Why Are Buyers At A Disadvantage?

The reason is simple: estate agents. The majority of property in London is sold through estate agents. This is hardly a revelation. The problem is that most buyers forget the real role of the agents.

It is essential that you remember the following:

Estate Agents Are Employed By Owners – they are legally obliged to sell their clients’ property for the highest price possible, on the most favourable terms possible. They only have a “thin legal duty” to buyers.

You Are Not The Priority – Each agent can have over one hundred buyers registered with him/her. As friendly as the agents may be, they are not concerned who buys the property as long as a high price is achieved for their client. Their focus is not to find you your perfect home, but to sell one of their clients’ properties to you.

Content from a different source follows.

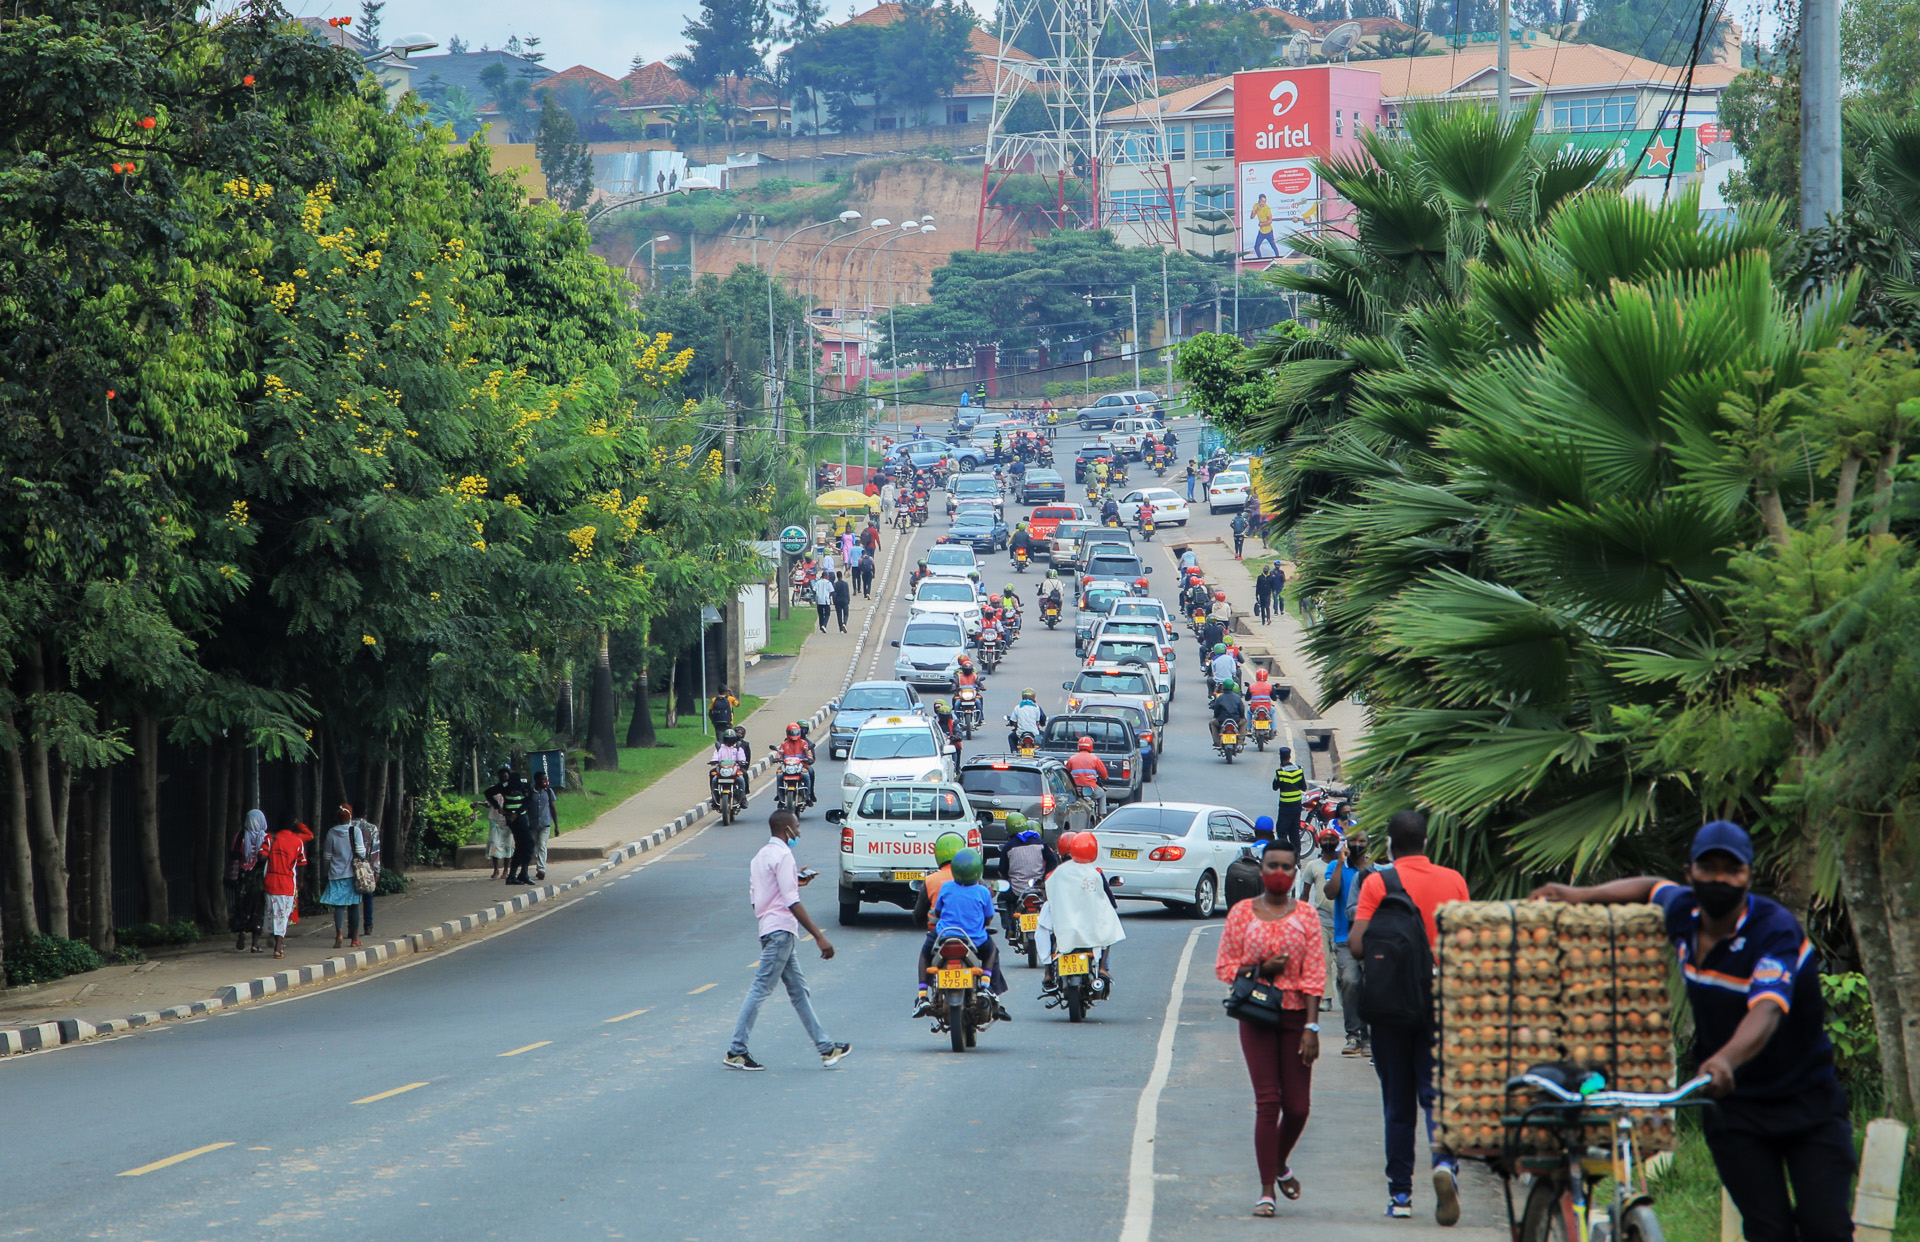 A busy Nyarutarama street in Kigali. |Dan Nsengiyumva

Each Estate Agent Can Only Show You A Small Percentage Of The Properties Available – The agents can only show you the properties on which they have been directly instructed. Therefore you need to be registered with every suitable agent to ensure that you do not miss out on the best
opportunities (it is true that some properties are shared amongst the agents. However, these tend to be the properties that they are having trouble selling).

The Finest Properties in Prime Central London Rarely Reach The Open Market – You need to be able to source those exclusive “off market” properties that the average homebuyer never even knows exists.

This is why acquiring a home is rarely the enjoyable, exciting experience that it should be. If you follow the route that the typical buyer takes, you will find it an unbelievably time consuming and frustrating battle.

Of course, if you are based outside of London or are simply extremely busy, the problems are exacerbated: it is harder to discover all the relevant agents and to stay in regular contact. In addition it will also be very difficult to view properties.

Therefore the estate agents are more likely to contact other buyers about the best properties before they call you (it is a simple fact that they will be more likely to earn their commission by focussing on clients who are easy to contact and can view properties quickly).

Now you might be busy but you must find the time to carry out the necessary research to find the finest property in your criteria and ensure that you are not paying an excessive price. Most buyers fail to plan their acquisition.

Therefore they actually spend more time than is necessary, fail to find the best properties and end up making an average purchase at a high price. Fortunately, you can avoid these issues by following seven simple steps to ensure that you make an astute acquisition.

7 Mistakes To Avoid While Buying Prime London Property

I am not going to pretend that the process of preparation and planning is exciting.
In fact it is remarkably dull. However, the results will be exceptional. Fortunately for you, most buyers do not treat the purchase of a home as a business transaction. Consequently they are ill prepared. You must not make the same mistake. You must be in a position to act swiftly when you find your perfect home. If you are not then it is likely that you will suffer the frustration of losing it to another buyer.

This is down to some very basic preparation:

Have your finances in place – However you plan to finance the acquisition, you have to ensure your financier is aware of your plans so that he/she can move quickly when asked. As a rule, you will need to put down 5-10% of the purchase price as a deposit on the exchange of contracts. The balance is paid upon “completion”.

It is possible, although rare, to “exchange” within hours of seeing a property.

If you are planning to buy an investment rather than a home there are also ways to reduce the income tax exposure. (But that’s a much more involved topic).

•    You must have this organised prior to making an offer otherwise there will be delays. Any unnecessary delays may cause you to lose your ideal home.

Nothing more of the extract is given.